Is the shared state a single counter? Use LongAdder (write-heavy) or AtomicLong (need exact read-after-write).
Is the access pattern read-heavy (10:1 or higher)? Use StampedLock with optimistic reads.
Do you need fair ordering? Use ReentrantLock(true). Accept 10-15% throughput reduction for guaranteed FIFO.
Is the critical section under 100ns? Let the JIT handle lock coarsening. Use synchronized for clarity if thread count stays under 4.
Is the critical section over 1μs? Split the lock or move work outside the critical section. No lock primitive saves you from a long hold time.
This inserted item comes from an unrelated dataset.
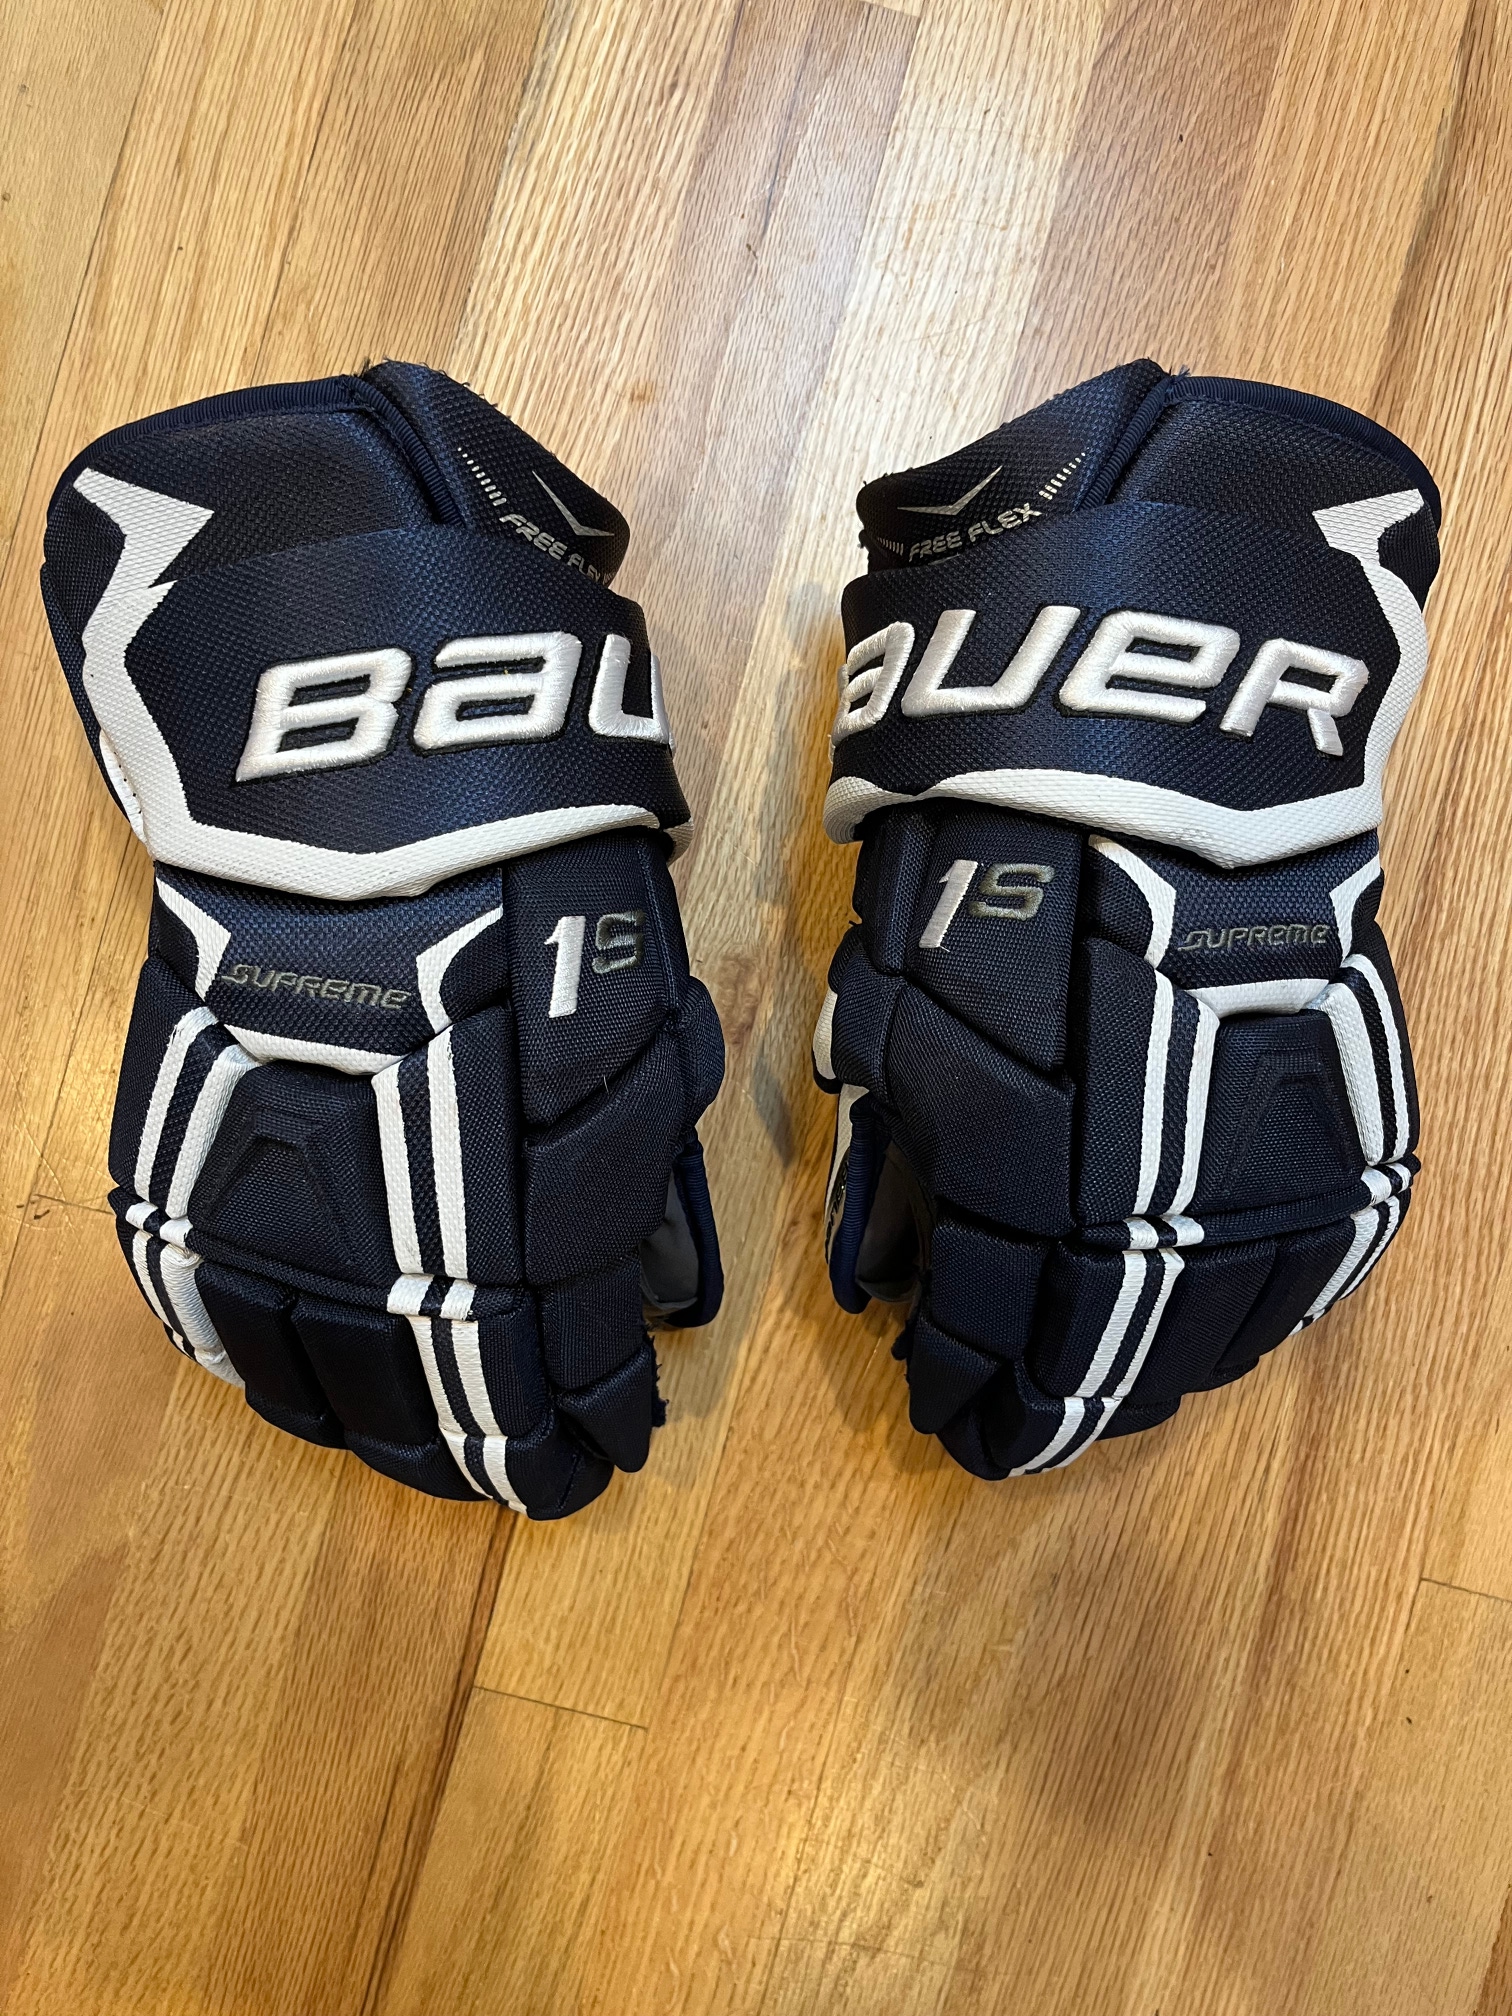 Used Bauer Supreme 1S Gloves 15"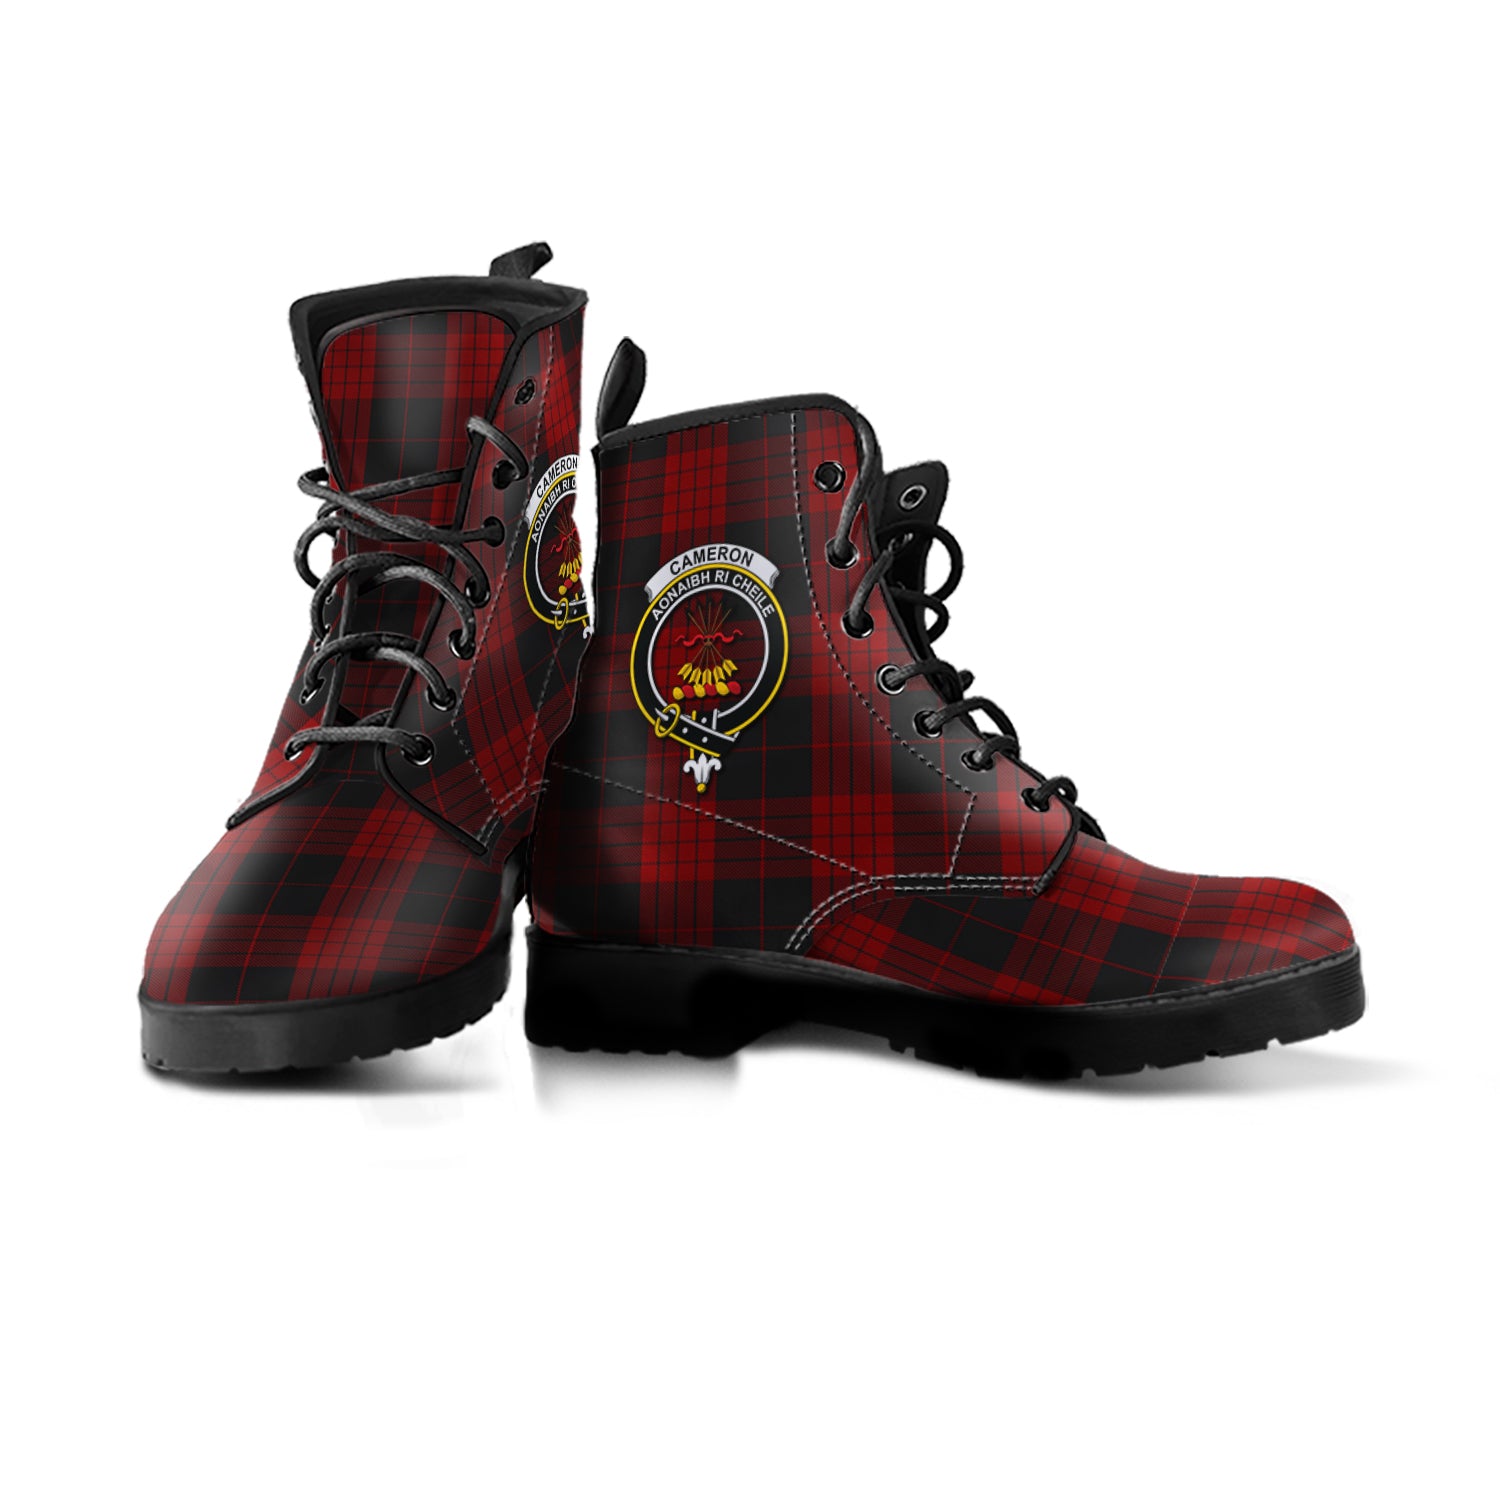 scottish-cameron-black-and-red-clan-crest-tartan-leather-boots

Can you eliminate the lock entirely? Lock-free structures (ConcurrentHashMap, LongAdder, atomic variables) beat every lock under high contention.

Thread count under 4 is where synchronized is acceptable. Above 4 concurrent threads on the same lock, switch to ReentrantLock at minimum. Above 8 threads with read-heavy access, StampedLock is the only reasonable choice.